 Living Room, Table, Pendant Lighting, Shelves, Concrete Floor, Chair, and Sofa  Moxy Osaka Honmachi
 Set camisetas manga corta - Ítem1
◇ ◇ ◇ ◇ ◇
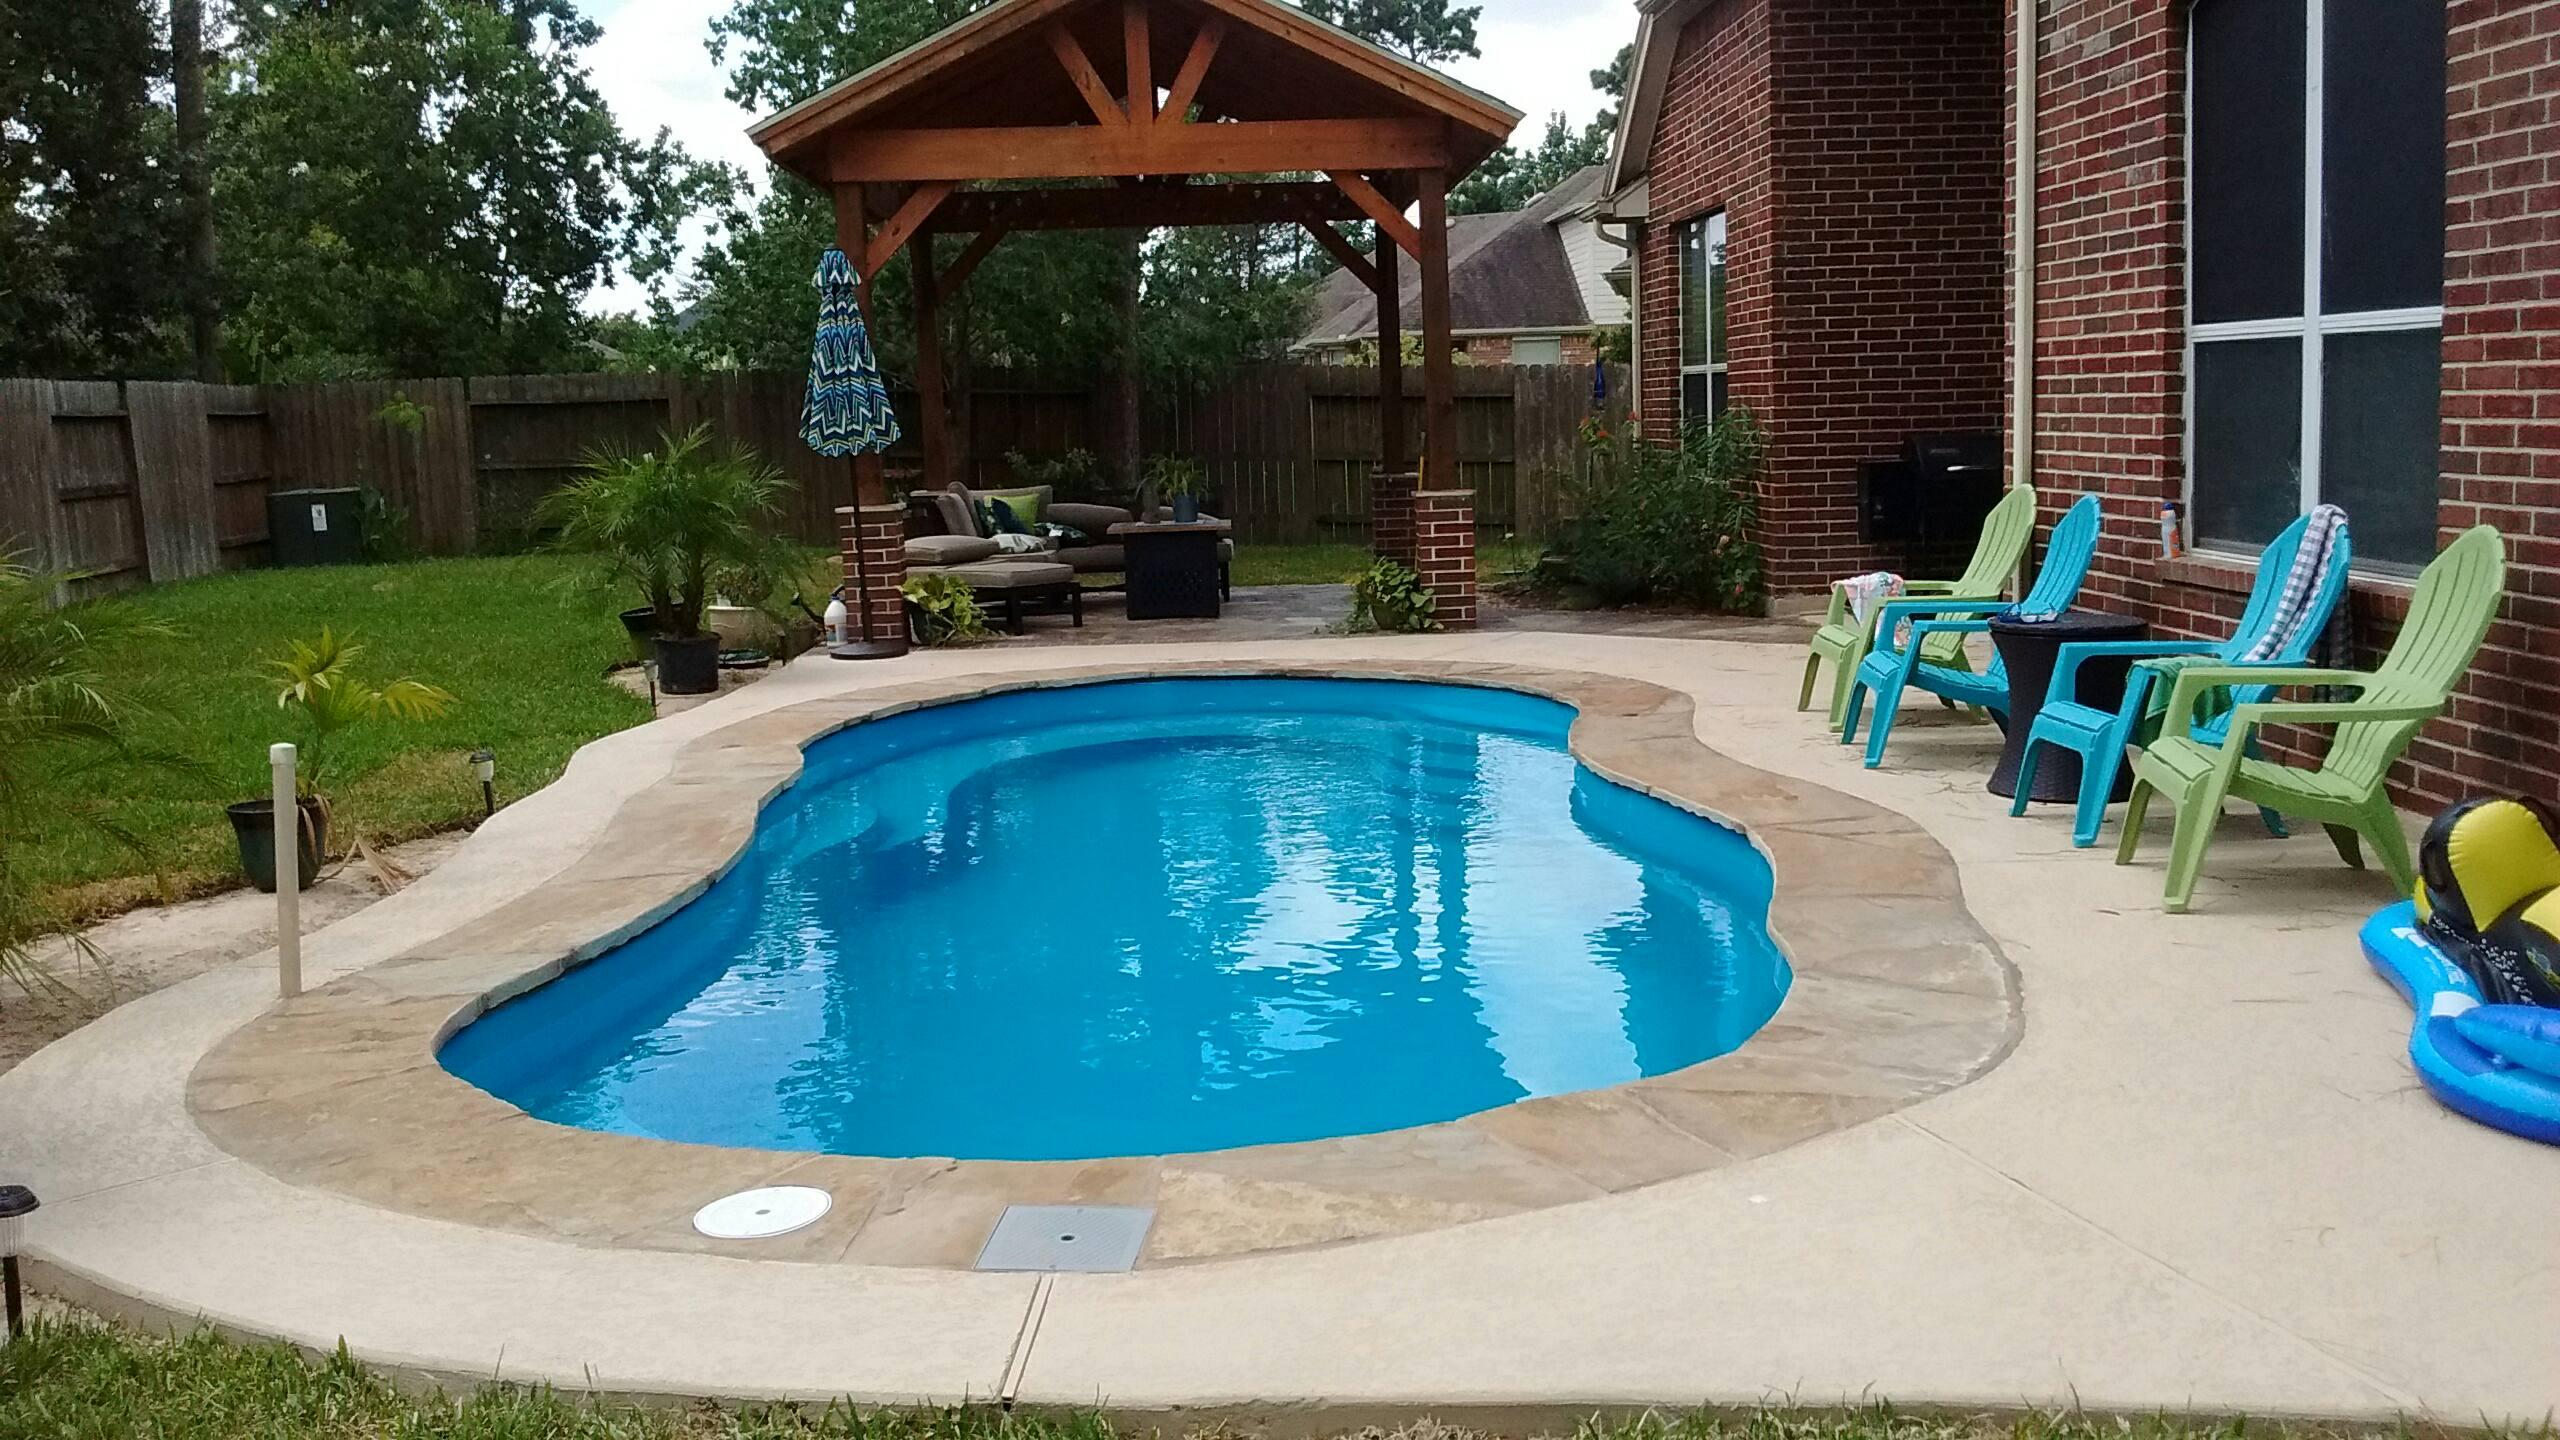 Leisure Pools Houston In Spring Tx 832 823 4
◇ ◇ ◇ ◇ ◇
Going back over the entries above, copy word for word every line from the one that has "Living Room, Table, Pendant" on through the one that has "Set camisetas manga corta - Ítem1".

• **Task output**
 Living Room, Table, Pendant Lighting, Shelves, Concrete Floor, Chair, and Sofa  Moxy Osaka Honmachi
 Set camisetas manga corta - Ítem1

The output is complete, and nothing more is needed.